WHAT IS REQUIRED:
Write out only the lines from the line that holds "85Th Birthday Cake 85th" to the end of the listing below, inclusive, with the pictures omitted.

GIVEN INFORMATION:

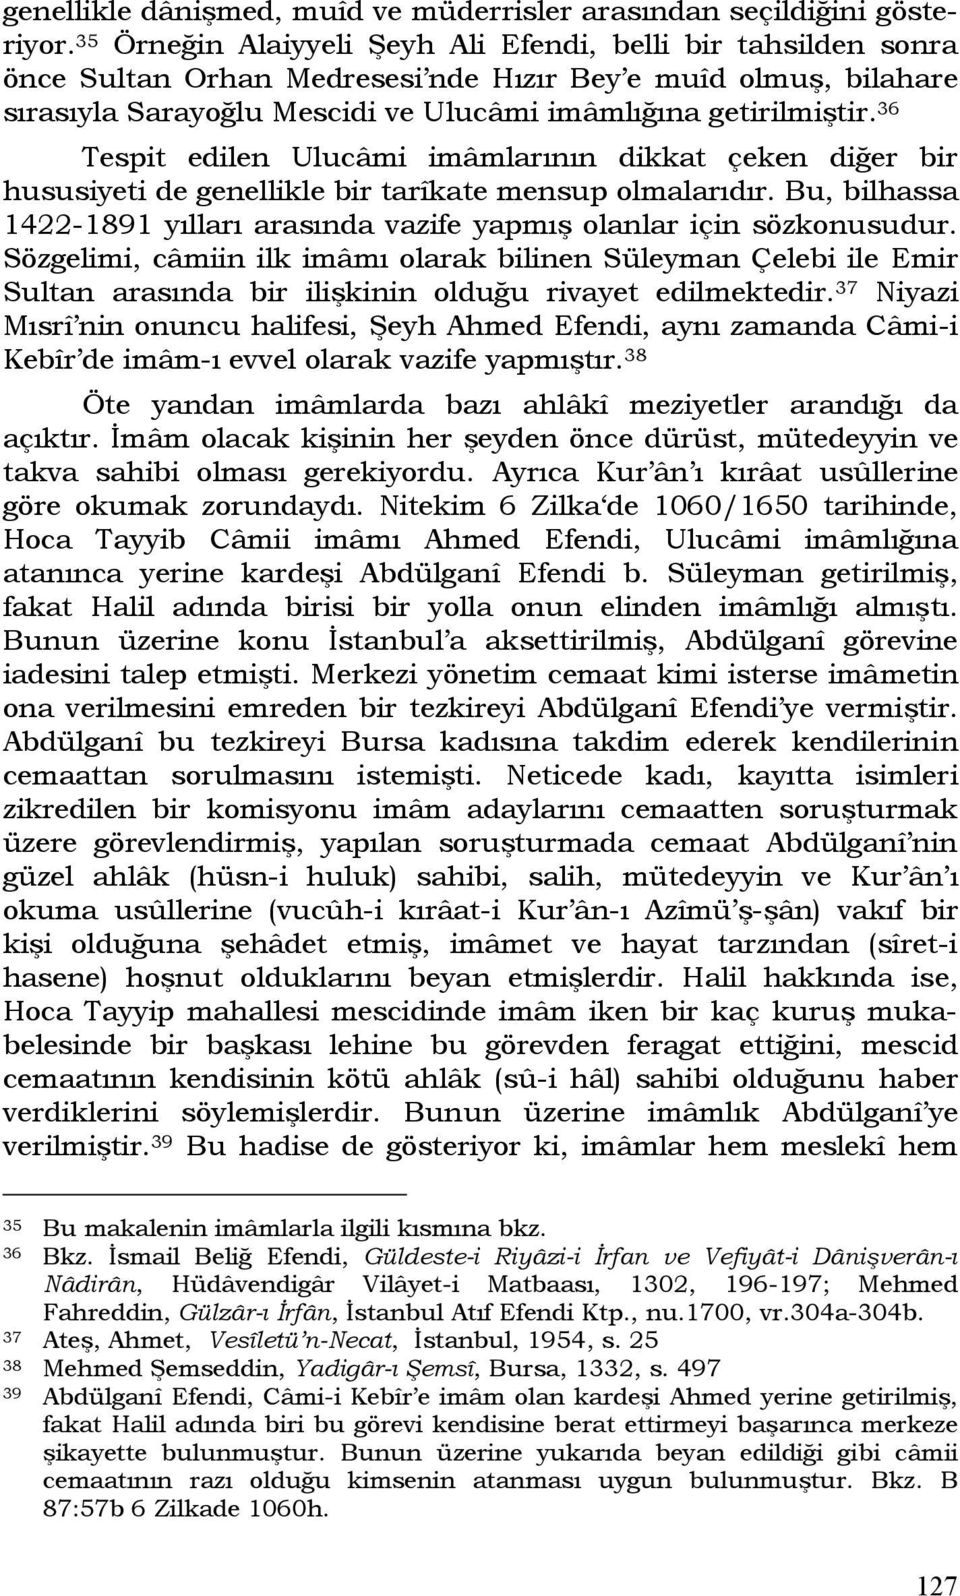 36 Tespit edilen Ulucâmi imâmlarının dikkat çeken diğer bir hususiyeti de genellikle bir tarîkate mensup olmalarıdır. Bu, bilhassa 1422-1891 yılları arasında vazife yapmış olanlar için sözkonusudur.
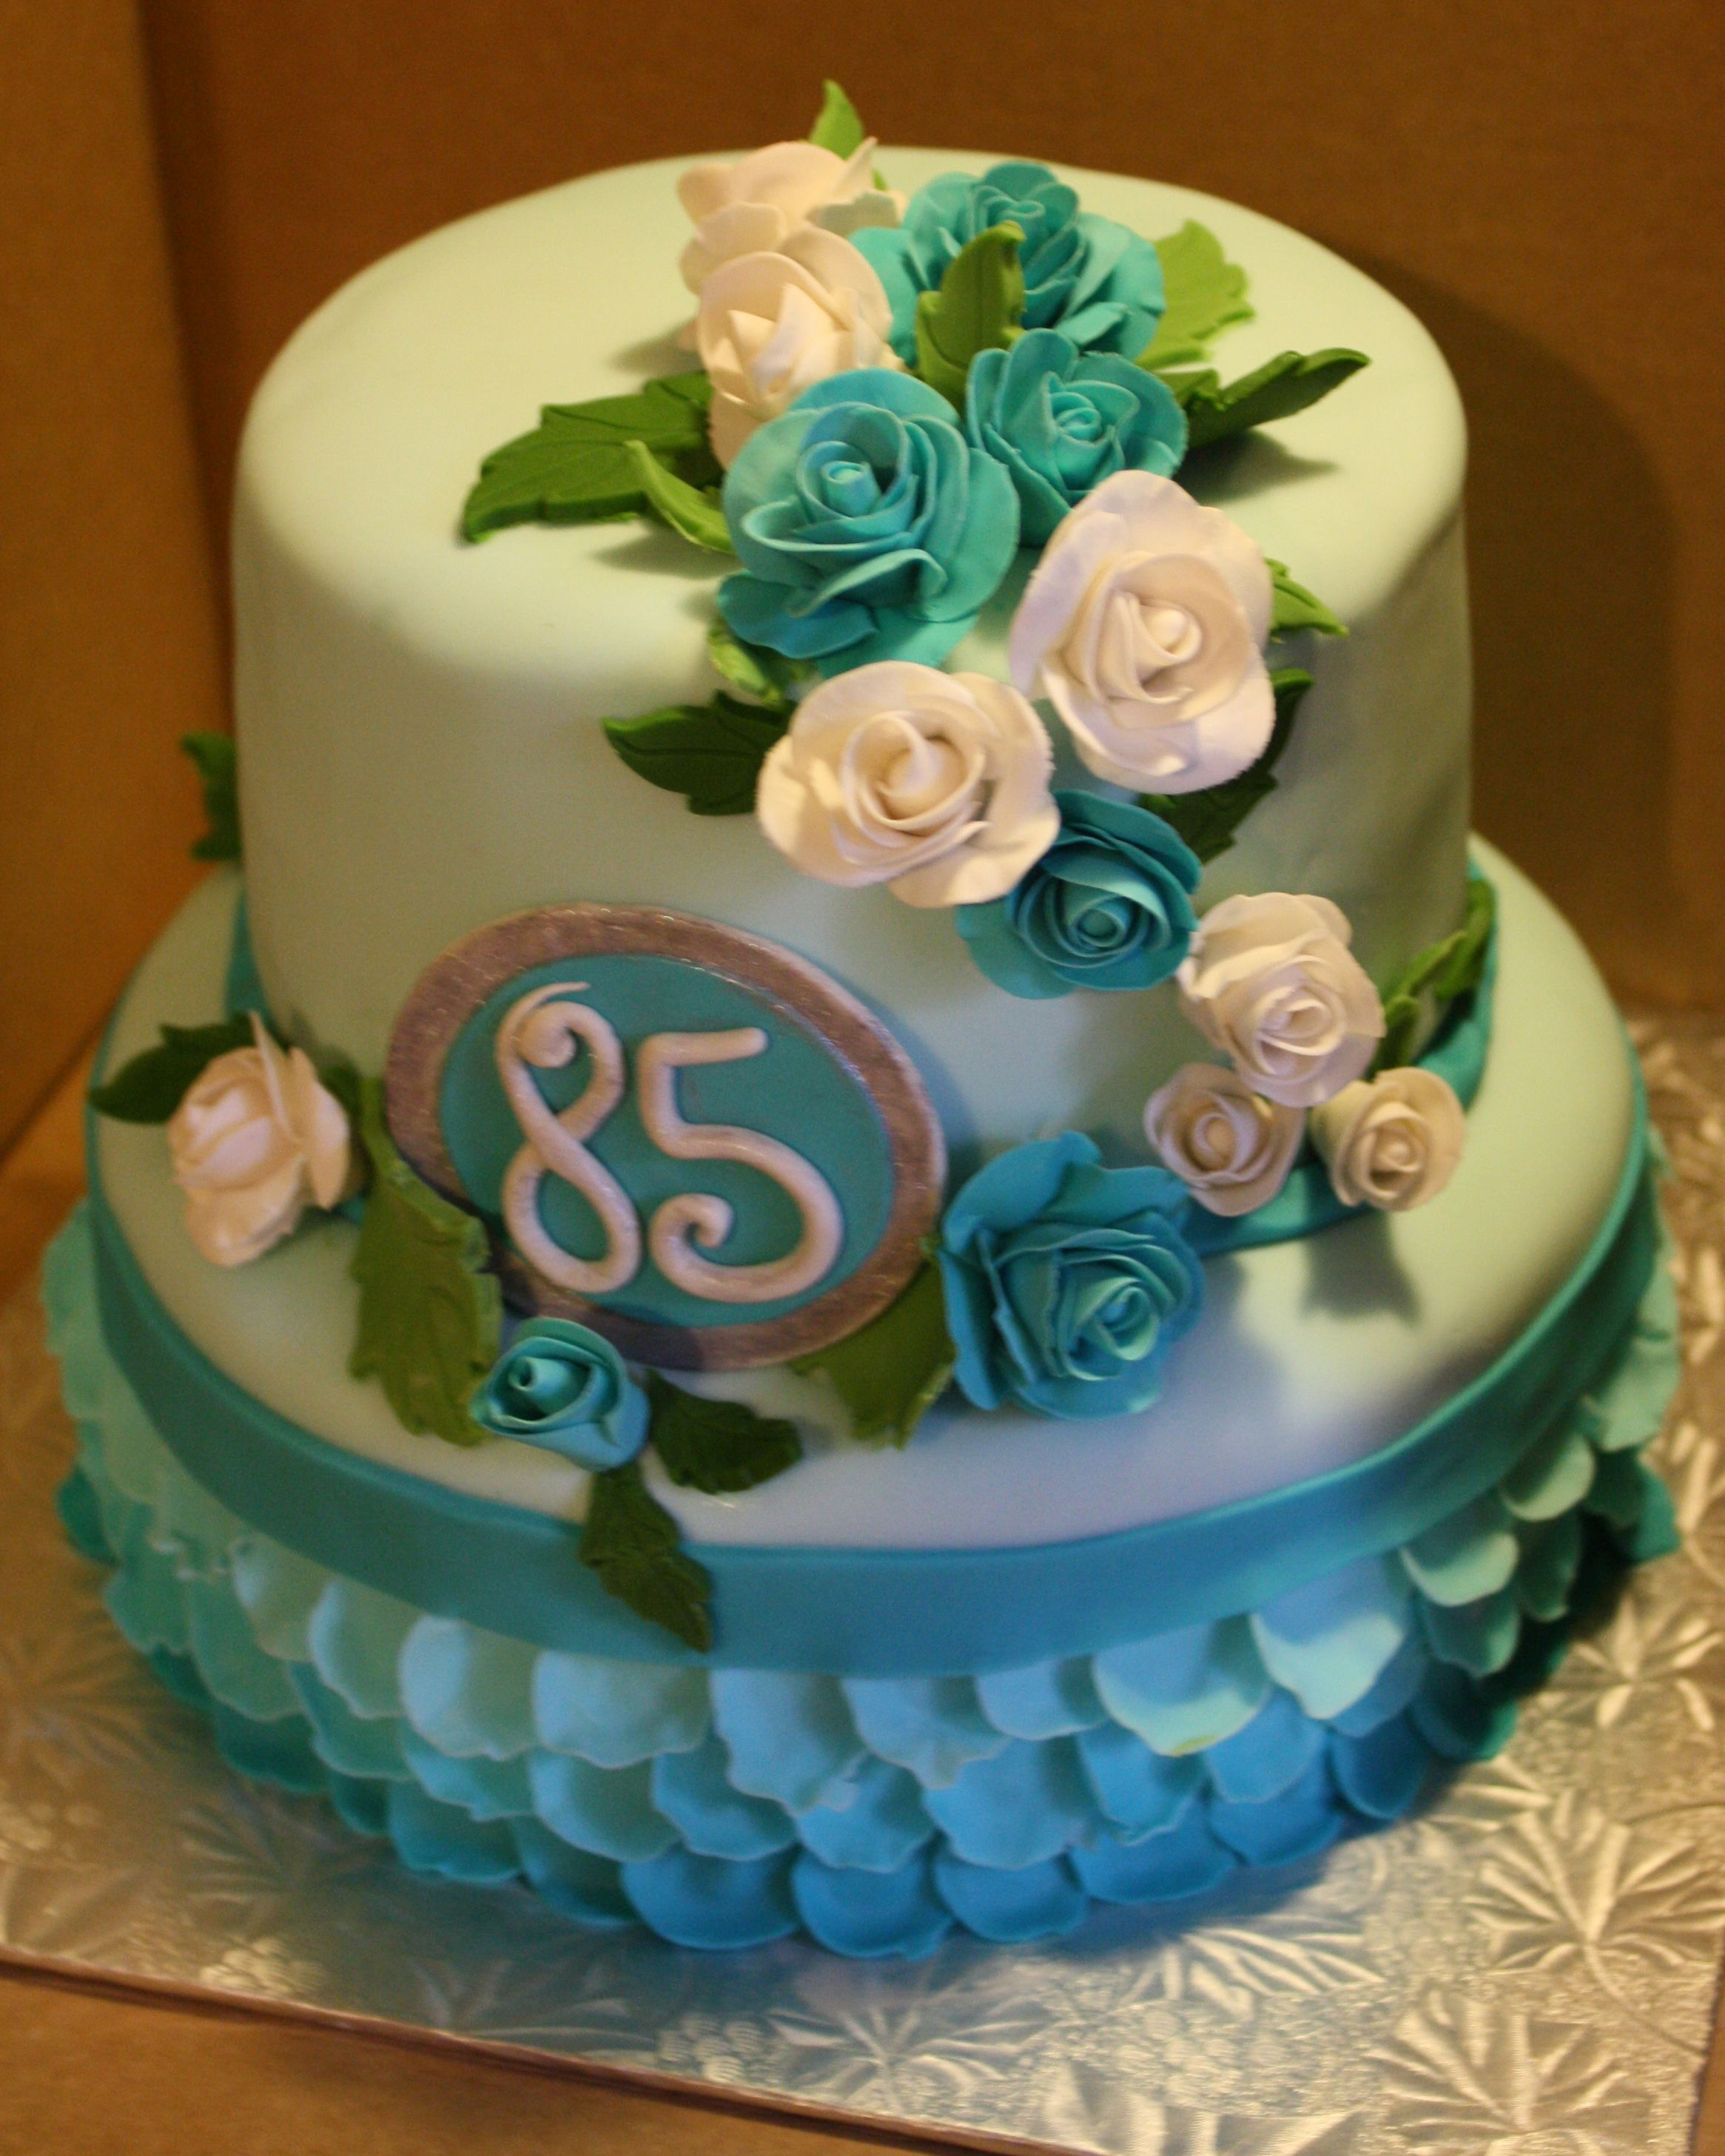 85Th Birthday Cake 85th Birthday Cake Birthday Pinterest Birthday Cake Cake And
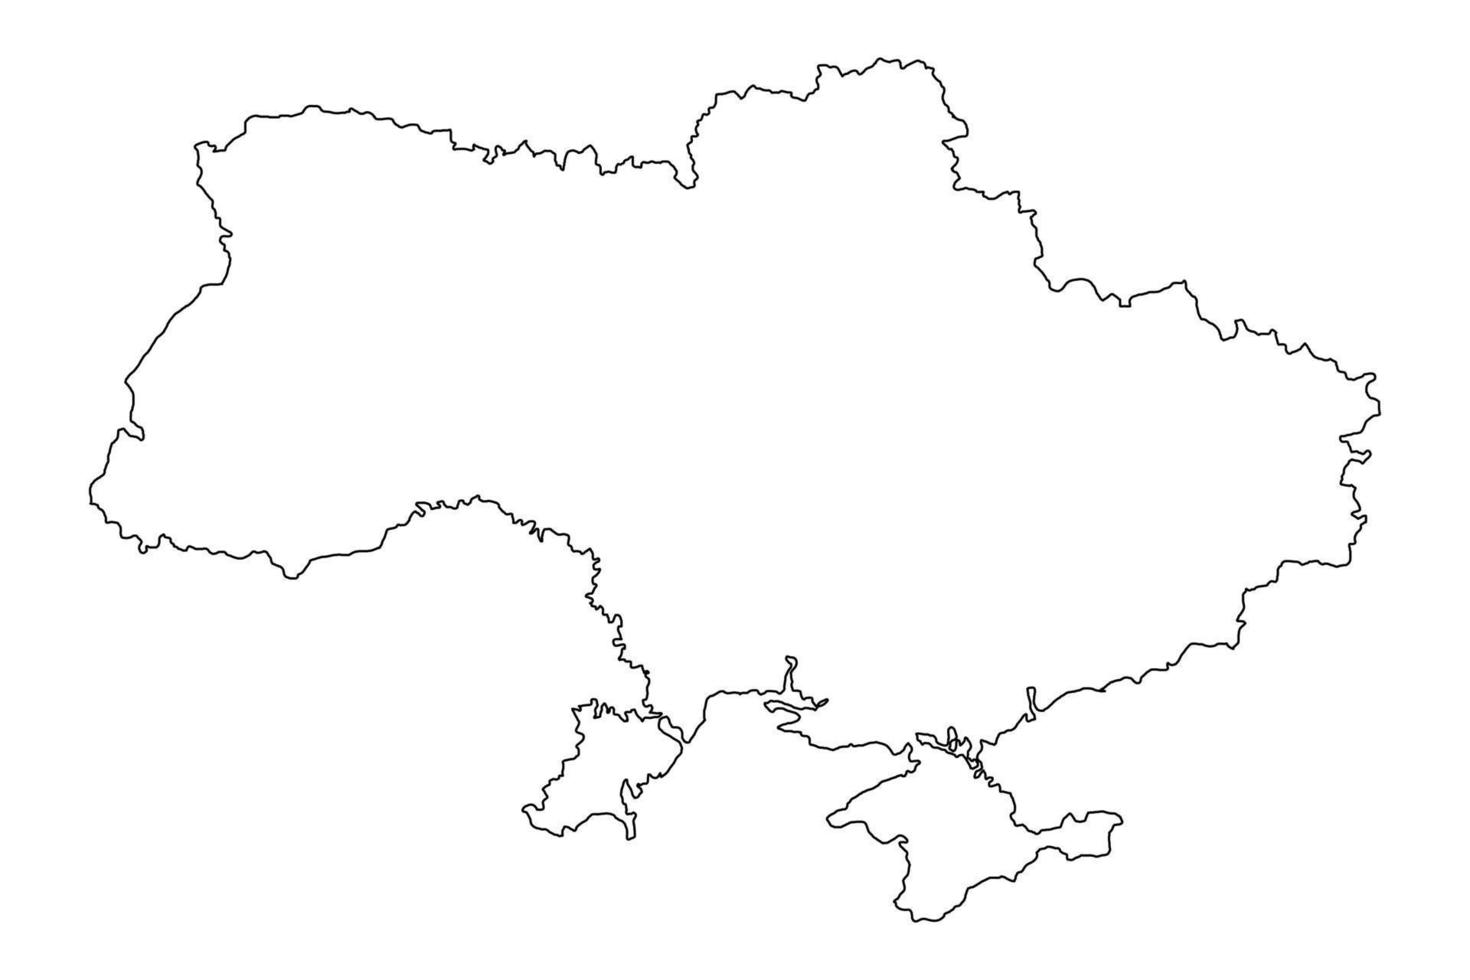 ukraine landkarte. europäische Länder. Das ukrainische Territorium grenzt an die Krim. Gekritzelzeichnung Umrissskizze. vektor

SOLUTION BELOW:
 85Th Birthday Cake 85th Birthday Cake Birthday Pinterest Birthday Cake Cake And
 ukraine landkarte. europäische Länder. Das ukrainische Territorium grenzt an die Krim. Gekritzelzeichnung Umrissskizze. vektor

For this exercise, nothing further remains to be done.